Don't worry little troll. If you can't get it the first time I understand. Sometimes I have a hard time lighting things on fire, too. I just appreciate all you're doing for this apartment. Keep up the good work.

Sometimes

Sometimes the hardest decisions are the best ones for us to make.


I'm grateful for that.

Sunday, January 19, 2014

Growing Up

Yesterday, I rode the bus to work. It was kind of a crazy ordeal because the last time I utilized public transportation extensively was when I was eleven. In NYC. With my aunt and cousins. So I kind of just followed and they told me what to do.

But Wednesday, I took the bus. Don't get the wrong impression. I didn't go at it alone--I had a seasoned bus-rider walk me through everything--but I did it. And I feel like I could do it again. It wasn't nearly as intimidating as I'd expected it to be.
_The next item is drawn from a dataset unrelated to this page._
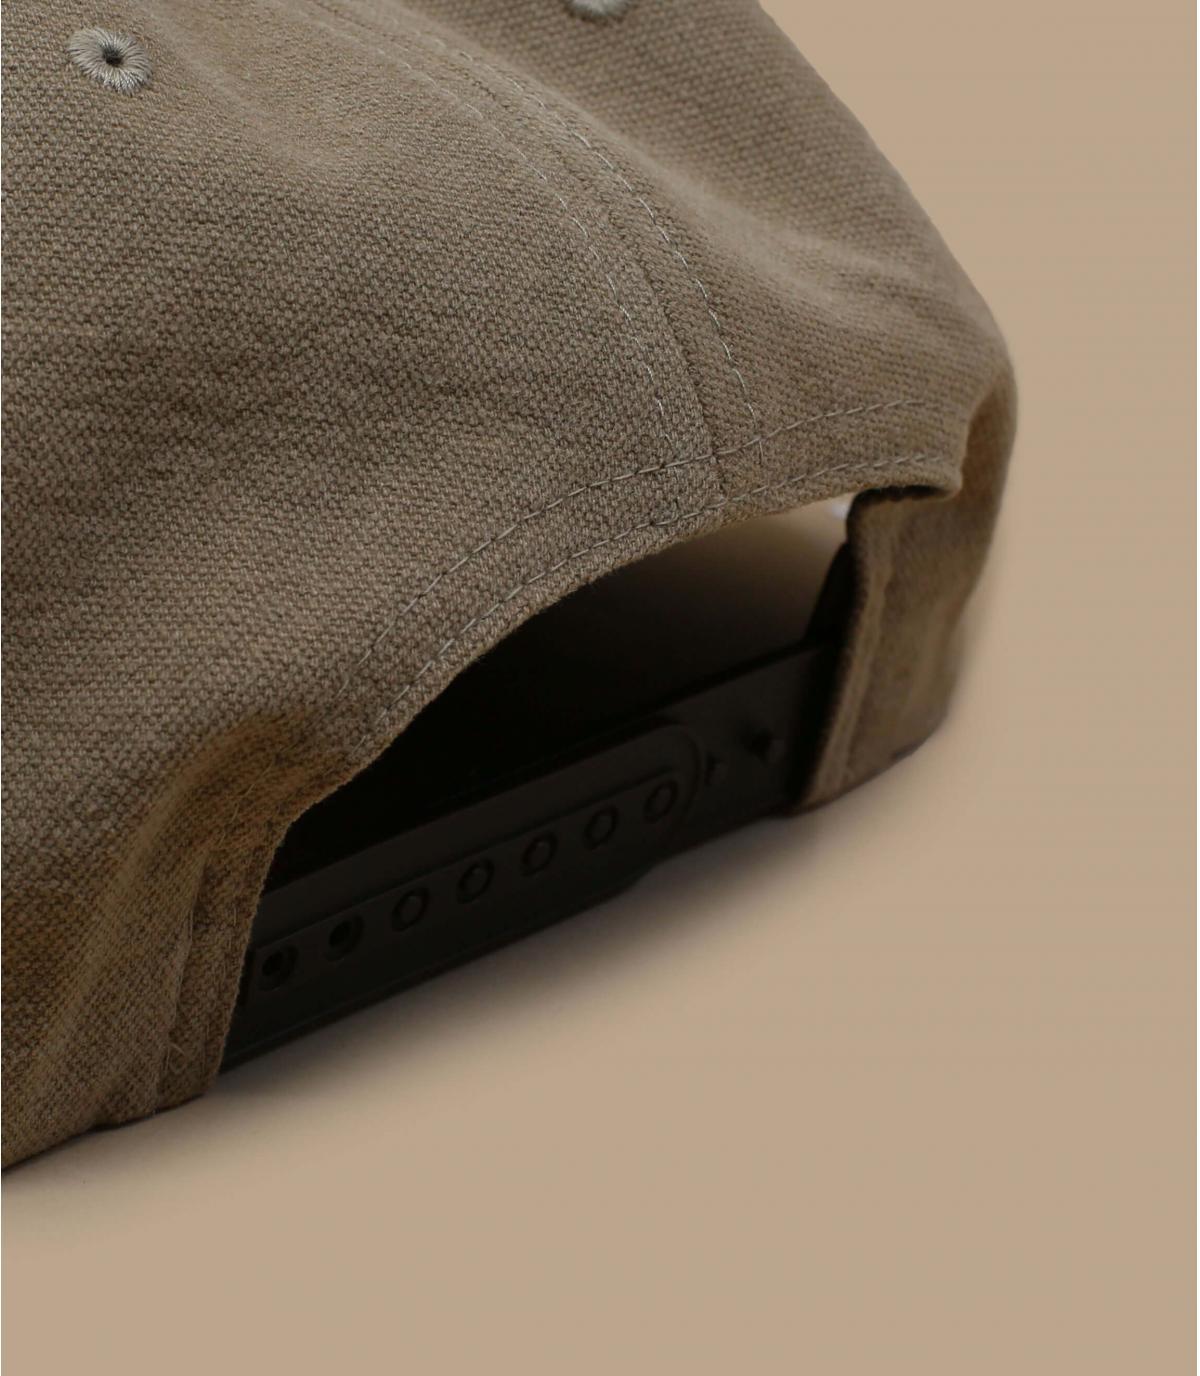 Details Brood black - Abbildung 4

It's kind of crazy how much a simple thing (like riding the bus) makes me feel like I'm growing up.

Wednesday, January 15, 2014

Words Behind the Silence

I base my entire life around words. They have been a vital part of me since before I can remember. I've loved the power that can come from words used correctly. I've loved it when I've been able to take that idea that I see in my head and make it clear to the people I'm talking to. I love it when I can communicate my needs, wants, fears, and dreams to the world around me. I love it when words enhance who I am. It provides a certain measure of satisfaction in my life. Satisfaction is a good thing to have, right?
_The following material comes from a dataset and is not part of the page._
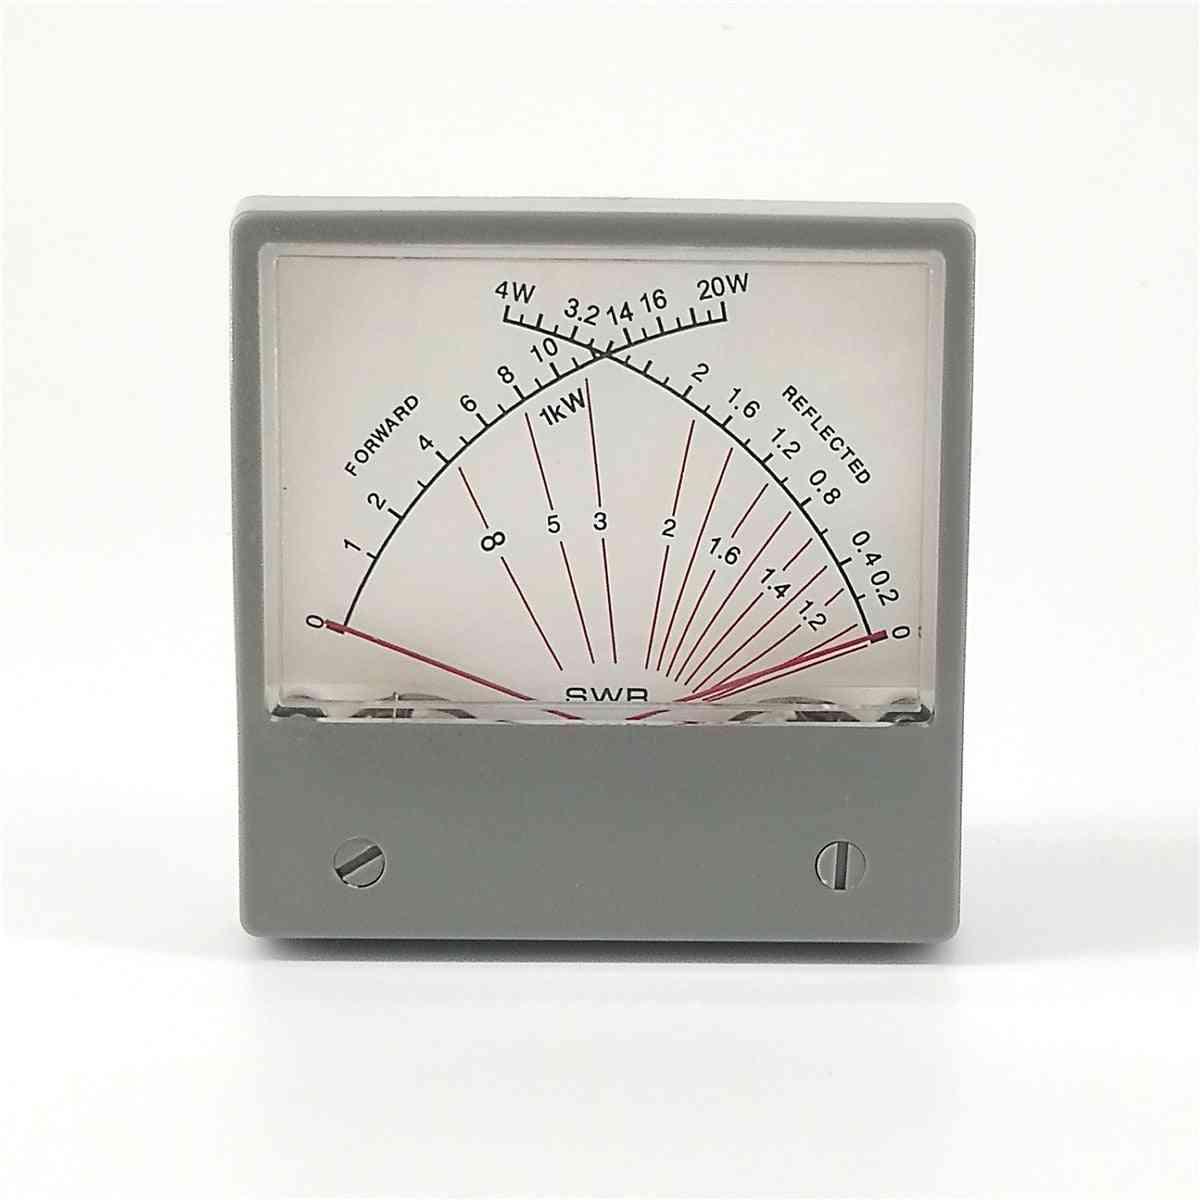 Stationary Wave Ratio Forwad Swr Meter Dual Meter Forward 20w Reflected 4w Radio Hf Sz-70-1

I'm rarely at a loss for words. That's not to say that I'm always talking (although that is an activity I engage in quite often) but I usually know how to communicate with people. It makes working customer service so much simpler. It makes life so much simpler.

My French class is required immersion (this is related to the previous paragraph, I promise). Something about BYU having the best (aka most intense) college language program. . . Anyways. Last semester, in French 101, it was supposed to be immersion, but my professor never enforced it. It was lovely. This semester is a different story. No English. If you slip up three times you need to A) sing a solo in French in front of the class, or B) bring the entire class treats.

Now I recognize that the aforementioned punishments aren't too bad. I can definitely handle making treats for twenty-five students, but I also happen to be a perfectionist. I don't like messing up. So I've learned a brilliant trick: If I don't know how to say something in French, I don't say anything. Great idea, right?

Wrong.

Every time--every.single.time--I utilize that strategy (which is a lot) I feel ready to explode. I understand what my teacher is asking, I know the answer, but I can't say it in French so I remain silent.

. . .I didn't realize how damaging silent could be. 

I might be imagining it, but I swear I can feel a part of me--that part where the satisfaction of words utilized well is stored--shrink, shrivel, and hide. Almost like it's ashamed that I won't try.

And it should be. I know that I'll learn far more from my mistakes than I will from my success, but again. . . I'm a perfectionist. Somehow, failing is too big of a risk for me, even if everyone else around me is doing the same. That's probably not a good thing.

There is one good thing that has come from my inability to express myself in an acceptable manner (acceptable as measured in the French classroom); I've gained an appreciation--albeit a minute one--for how people with communication disorders must feel. My French class has made me grateful that I only have to deal with that stress for fifty minutes, five days a week. Every other time I can say what I want, how I want, and with the confidence I feel. There are some people who have to live with words pushing at the silence their entire lives. There are people out there who have so much to say, so much to share, and no way to share it. I'm grateful I'm not one of those people. I'm grateful that I don't have to feel frustrated because my thoughts will never be known. My words don't have to stay behind the silence. My words can deliver.